376.1 - Loss of hepatic Drp1 contributes to alcohol-induced megamitochondria and exacerbates alcoholic hepatitis via impaired mitophagy and mitochondrial lipid oxidation
Tuesday, April 5, 2022
8:30 AM – 8:45 AM
Room: 116 - Pennsylvania Convention Center
Xiaowen Ma (The University of Kansas Medical Center), Zhaoli Sun (Johns Hopkins University School of Medicine), Hiromi Sesaki (Johns Hopkins University School of Medicine), Tiangang Li (University of Oklahoma ), Hongmin Ni (The University of Kansas Medical Center), Wen-Xing Ding (The University of Kansas Medical Center)

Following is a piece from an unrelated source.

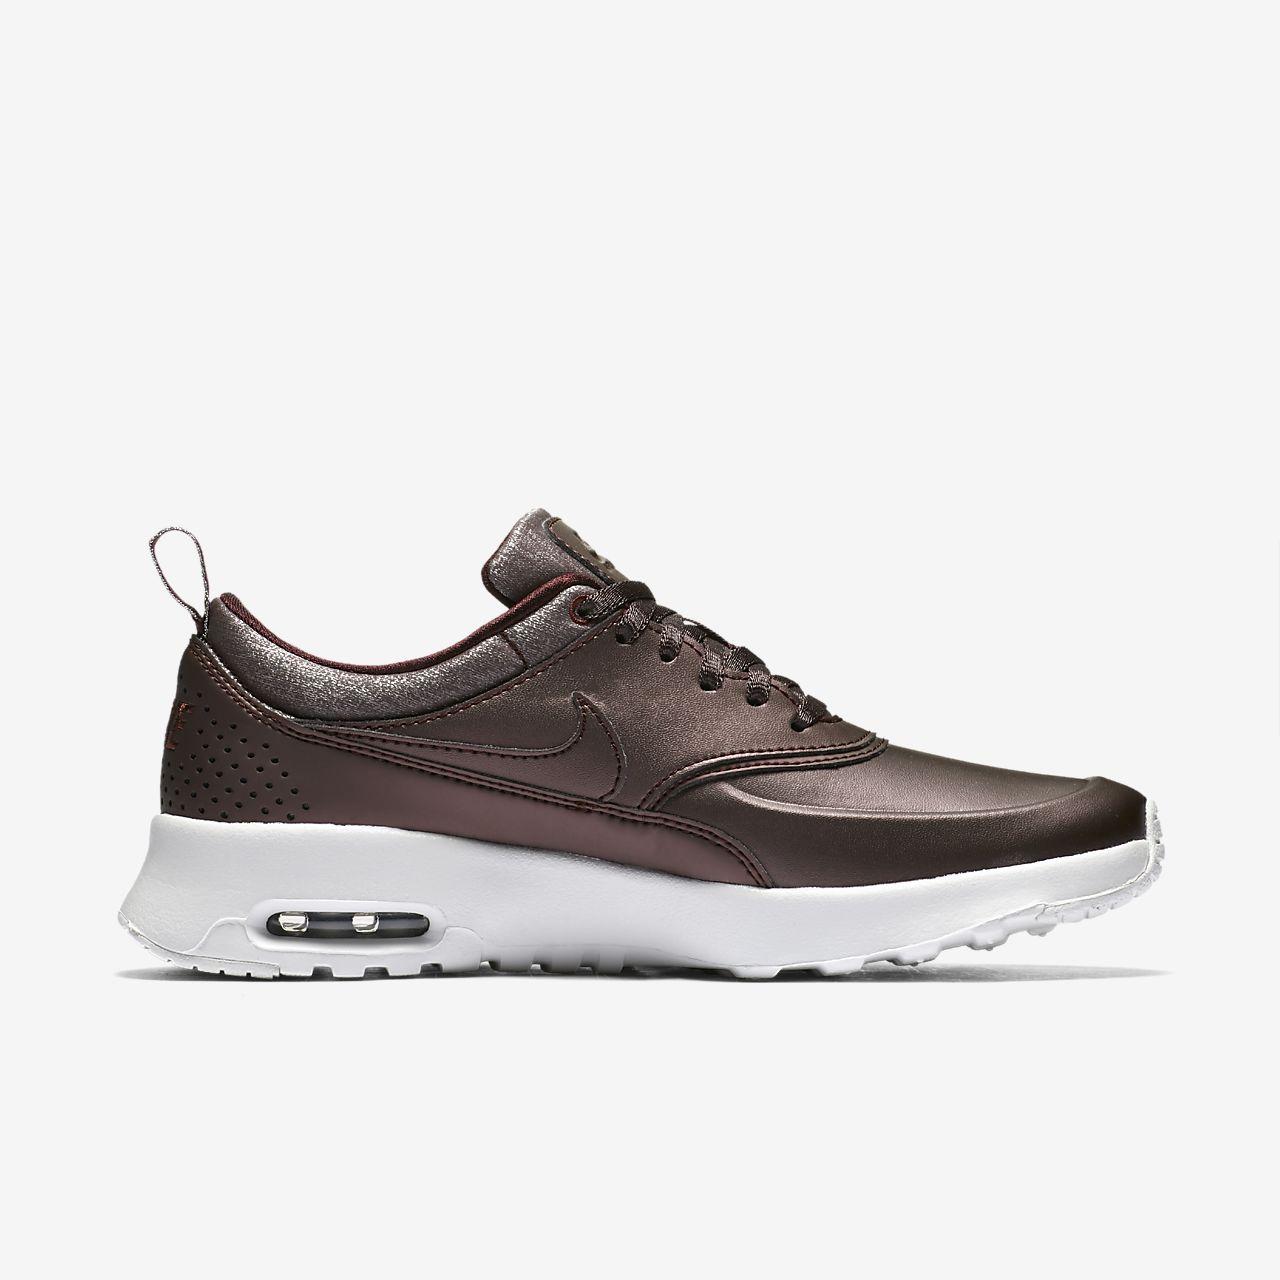 Nike Women's Nike Air Max Thea Premium - scarpe da ginnastica - donna El Mayor Proveedor BL7NYQda

Presenting Author The University of Kansas Medical Center
Alcohol-related liver disease (ALD) is a worldwide health issue that claims two million lives in the U.S. each year. Increased megamitochondria and impaired mitophagy in hepatocytes have been linked to the pathogenesis of ALD. However, the exact mechanisms by which alcohol increases megamitochondria and impairs mitophagy and how this contributes to the pathogenesis of ALD remain largely unknown. Here we showed that dynamin-related protein 1 (Drp1), the key mitochondrial fission protein, decreased at both mRNA and protein levels in human alcoholic hepatitis (AH) and an experimental ALD mouse model. Electron microscopy studies revealed increased number of megamitochondria in human AH and experimental mouse ALD. Liver-specific Drp1 knockout mice had increased megamitochondria and decreased mitophagy with increased liver injury, inflammation and pre-fibrotic conditions, which were further exacerbated by chronic plus binge alcohol feeding. RNAseq and q-PCR analysis revealed increased gene expression in the cGAS-STING-Interferon signaling pathway in liver-specific Drp1 KO mice regardless of alcohol feeding. Unbiased metabolomics studies showed accumulation of acylcarnitine fatty acids and decreased both oxidized and reduced glutathione metabolites in ethanol fed mice regardless of Drp1 genotypes. However, the levels of itaconate, a metabolite associated with inflammation and TCA cycle increased in Drp1 KO mice regardless of ethanol feeding. Further mechanistic studies revealed that the transcription factor EB (TFEB) bound to the promoter region of Drp1, and overexpression or knockout of TFEB increased or decreased Drp1 expression in hepatocytes, respectively. Ethanol fed liver-specific Drp1 KO mice had increased cytosolic mtDNA release, decreased mitophagy and increased mitochondrial dysfunction, which may account for the increased activation of cGAS-STING-Interferon signaling pathways and liver injury. In conclusion, alcohol consumption decreases hepatic Drp1 resulting in increased megamitochondria and impaired mitophagy that promotes alcoholic hepatitis by mitochondria-mediated inflammation and cell injury.